Source data:
>>>>>
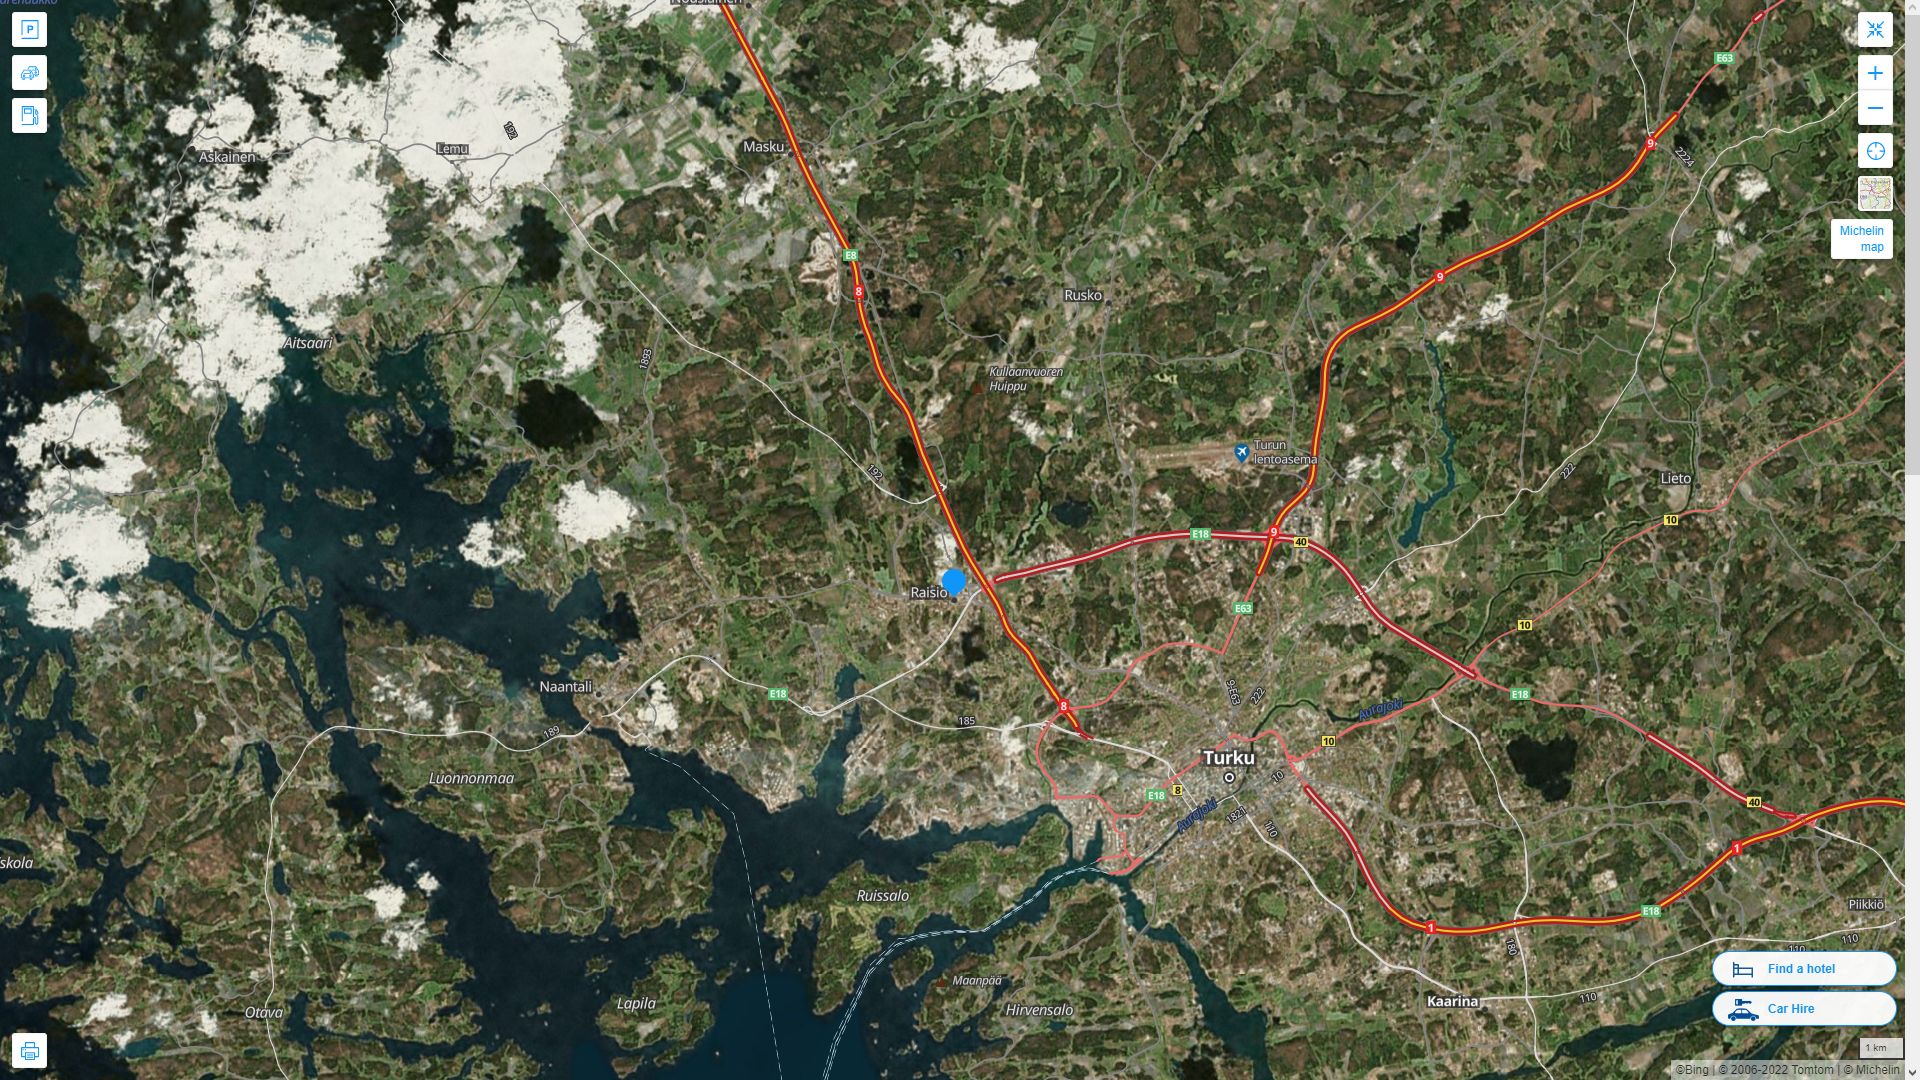 Raisio Finlande Autoroute et carte routiere avec vue satellite
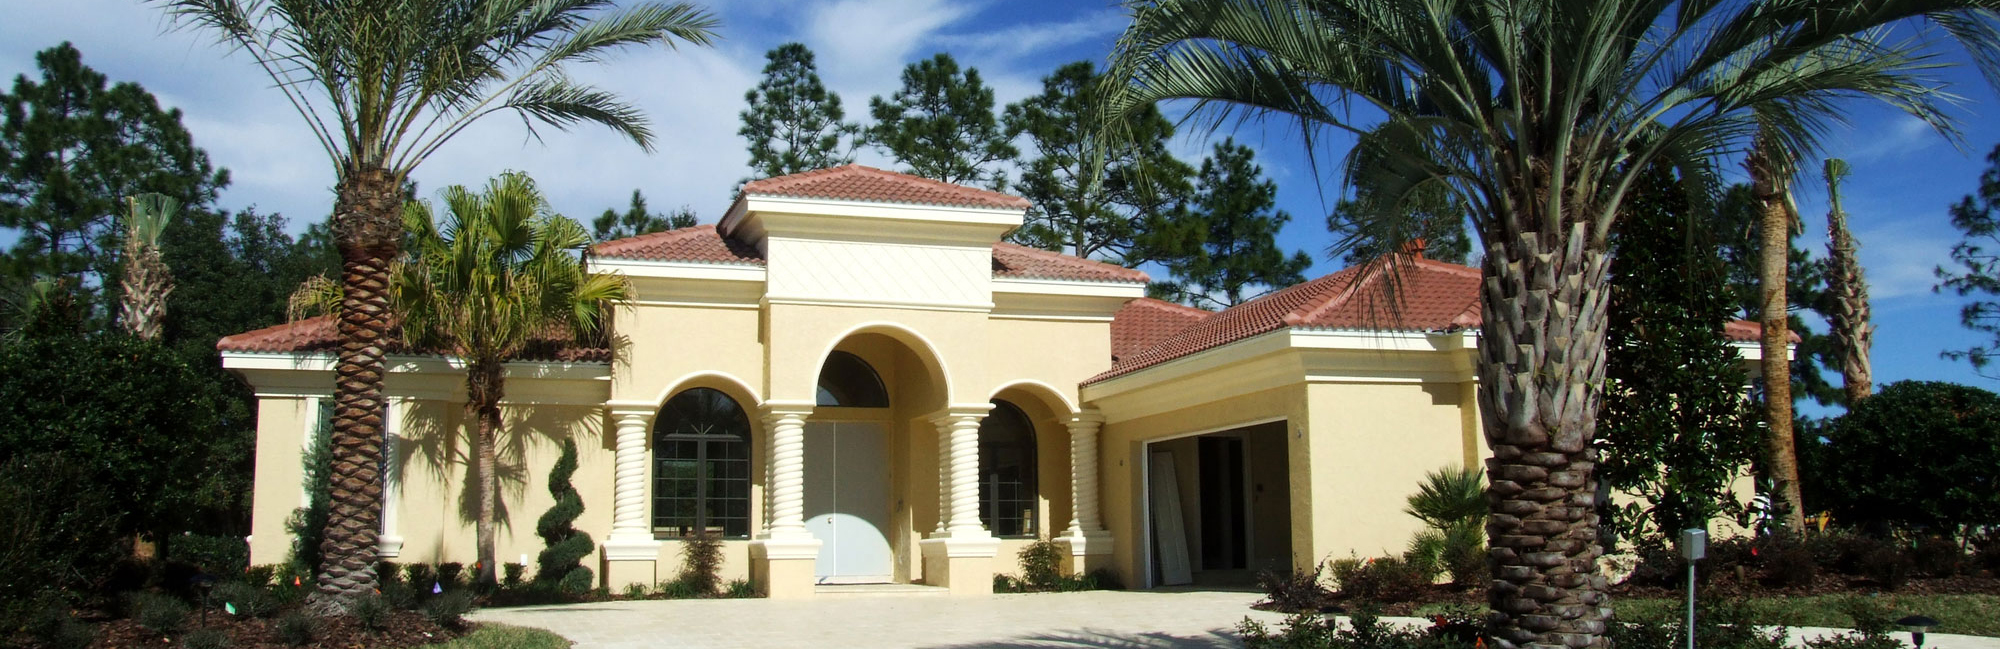 Florida Luxury Home
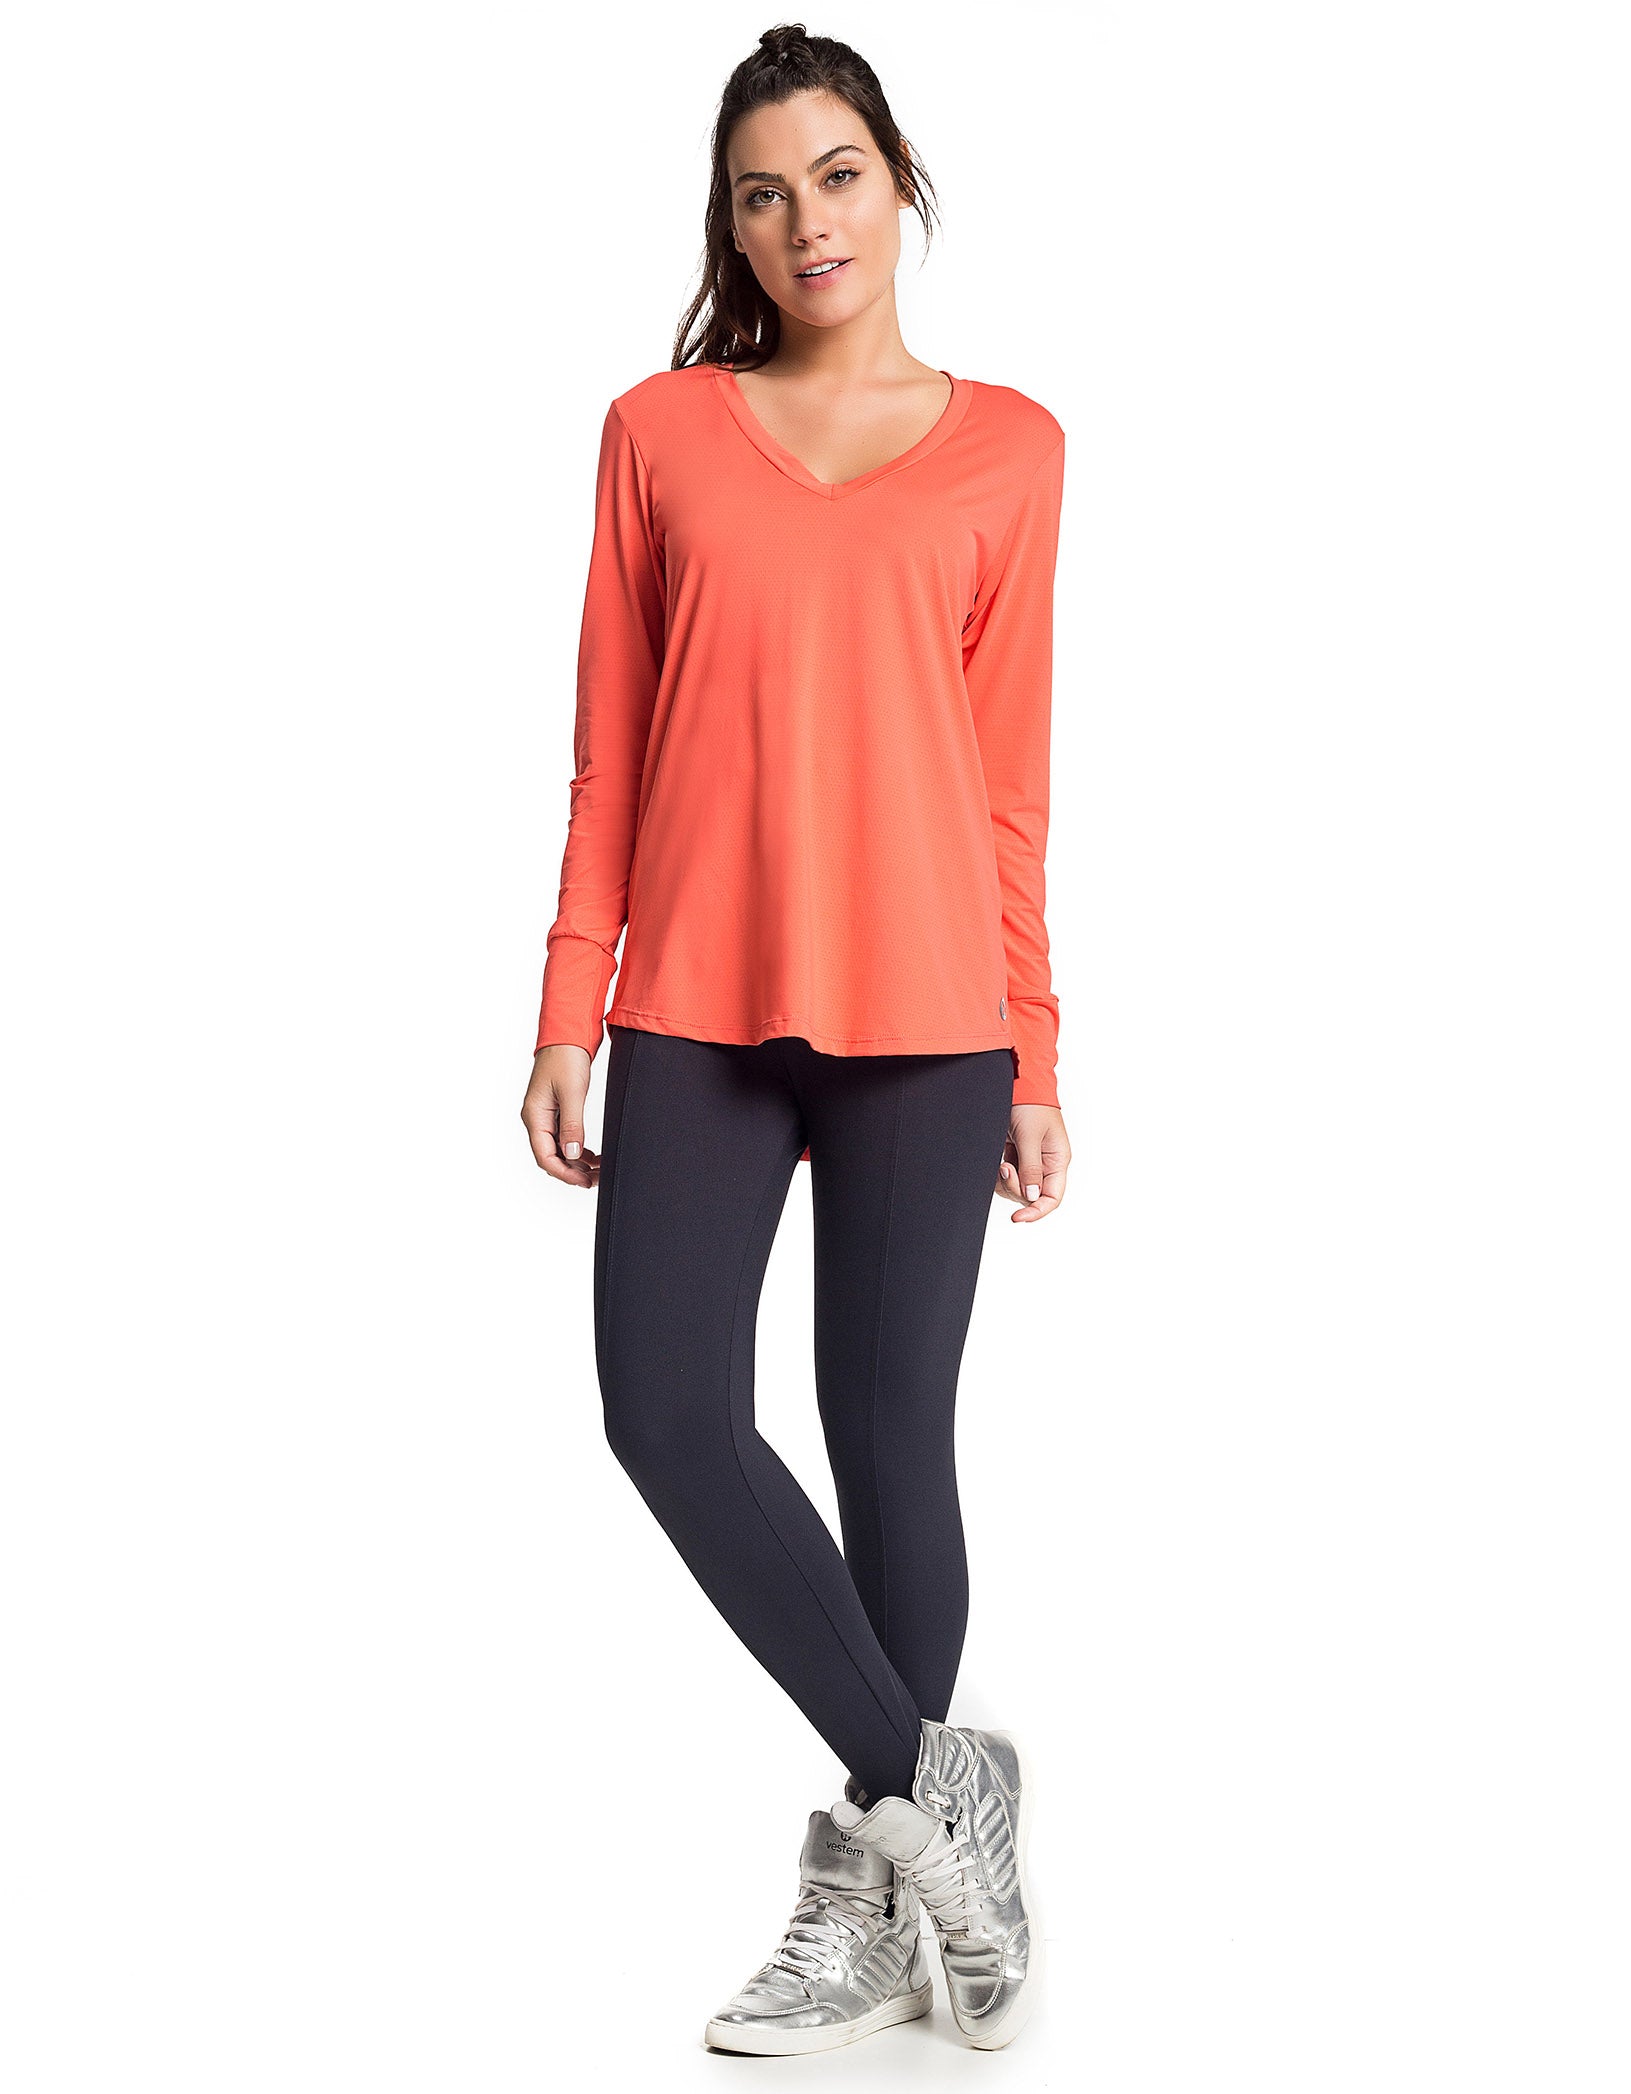 Vestem - Shirt Dry Fit Long Sleeve Janice Tabata Orange - BML16C0155
<<<<<
What you have to do: Set down the data above word for word, leaving every picture out.

Task solution:
 Raisio Finlande Autoroute et carte routiere avec vue satellite
 Florida Luxury Home
 Vestem - Shirt Dry Fit Long Sleeve Janice Tabata Orange - BML16C0155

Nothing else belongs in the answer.